The complexity of the search environment increases as the number of obstacles is increased, as shown in Figure 6. Similar to Scenario 1, all UAVs select action templates

χ_{3}

and execute search Rule 1. Due to the increased number of obstacles, the KD-SAC algorithm is employed to learn and adapt to the new environment, resulting in a new search rule formation. Ultimately, the paths through areas with nine obstacles (represented by black circles in the top view of Figure 6) and two threats (indicated by hemispheres in Figure 6) successfully reach the predicted target location from the start point. The peak depicted in Figure 6 represents the actual target location. Furthermore, as evident from the smoothness of pink lines in Figure 6c,d, KD-SAC demonstrates superior path planning capabilities compared to SAC.

Scenario 3:

The initial information settings of the four UAVs in this scenario are presented in Table 6. Under event attribute

A

and relation condition

ℬ

of Scenario 2, the UAVs execute actions based on the Markov maneuver model and autonomously select templates

χ_{1}

(LiDAR sensor),

χ_{2}

(underwater target detection sensor), and

χ_{3}

(execute search Rule 1). Four distinct prediction points are assigned to UAVs according to Rule 1, resulting in a broader search area compared to Scenario 2. Figure 7 illustrates the path-planning outcomes for all four algorithms employed in this task scenario. It can be seen from Figure 7 that even if multiple UAVs plan trajectories at the same time, the KD-SAC algorithm can plan smoother trajectories, where the trajectory of the UAV4 is particularly smooth. The obstacle avoidance trajectory of UAV1 is smoother compared to Figure 6d, indicating that KD-SAC continuously adjusts the motion state of the UAV to enhance the search rule. This is due to our goal g that takes into account both the smoothness of the path and the threat posed by obstacles along the path. As the number of iterations increases, based on the deductive inference return visit mechanism, the KD-SAC fully learns and consistently identifies the optimal solution from the action strategy set to optimize the action template in the knowledge base.

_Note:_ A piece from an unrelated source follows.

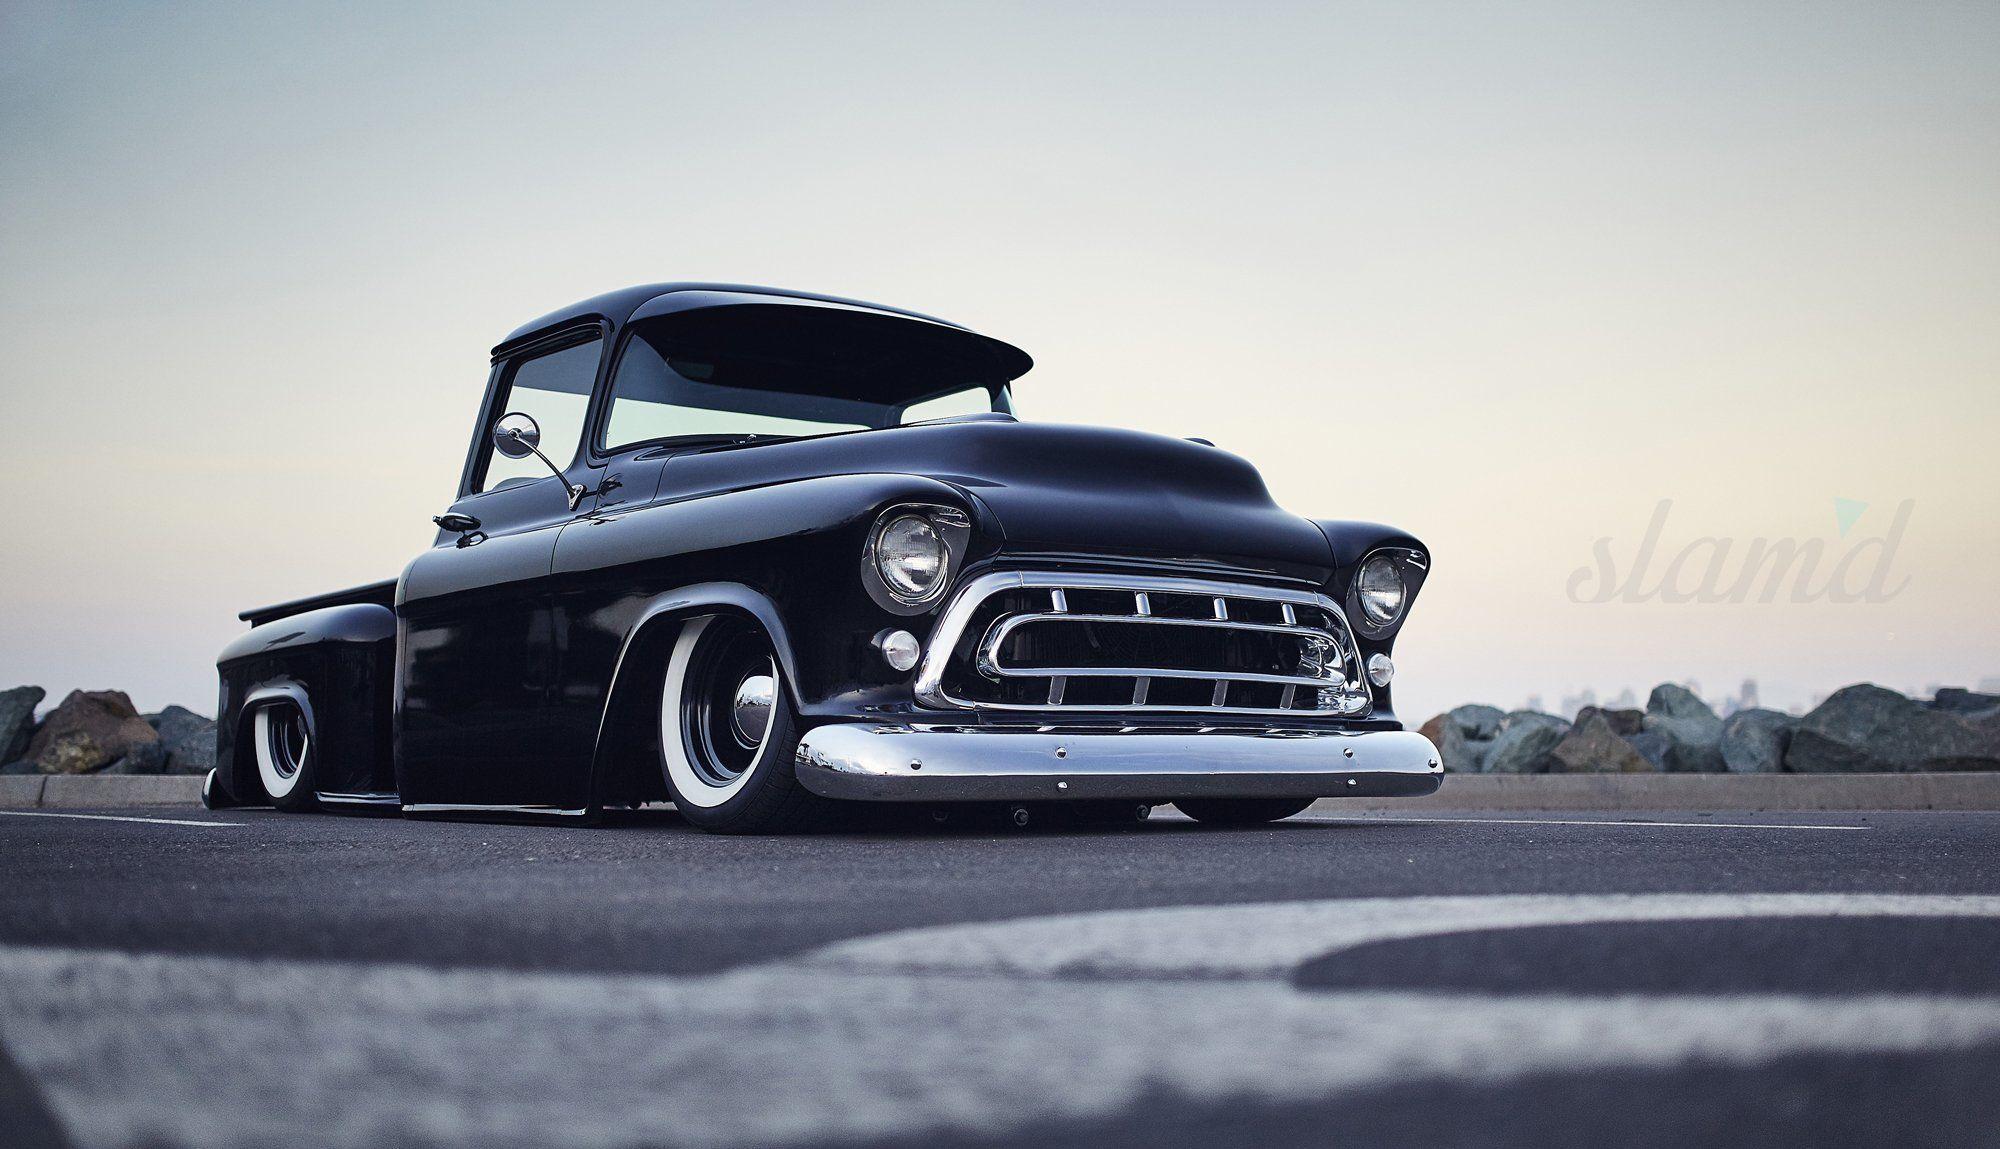 Classic Chevrolet Wallpapers Top Free Classic Chevrolet Backgrounds Wallpaperaccess

5.2. Algorithm Performance Analysis

The performance of the four algorithms was compared through a comparative experiment on comprehensive cooperative evaluation, average reward, and the success rate of the UAV path, based on Section 5.1. The analysis results of the three comparative experiments are presented below.

The comparison of success rates among the four algorithms in Scenario 2 and Scenario 3 is illustrated in Figure 8. As the UAV’s understanding of the environment deepens, all four algorithms are capable of successfully generating an optimal flight path to reach the predicted target point. However, as depicted by result in Figure 8a, after conducting multiple experiments about the complex scenario 2, the success rate of KD-SAC is 73.63%, while SAC, RI-MAC, and PSO experience is 56.36%, 43.75%, and 40.12%, respectively. The KD-SAC algorithm outperforms SAC, PSO, and ACO algorithms significantly in terms of planning success rate. The results presented in Figure 8b demonstrate that, when compared to scenario 2, the success rate of KD-SAC decreases to 71.83%, SAC decreases to 53.26%, and RI-MAC and PSO decrease to 33.35% and 29.21%, respectively. In the face of complex environments with four UAVs, the proposed KD-SAC algorithm maintains a high planning success rate, thereby confirming its superiority and suitability for addressing the problems outlined. The increase in the learning rate enhances the learning speed of KD-SAC. Moreover, as the number of iterations increases, the action template within the knowledge base executes optional action for UAVs in each moment, which improves the learning efficiency of KD-SAC. Consequently, KD-SAC successfully generates an optimal path for a UAV from its initial position to its target position.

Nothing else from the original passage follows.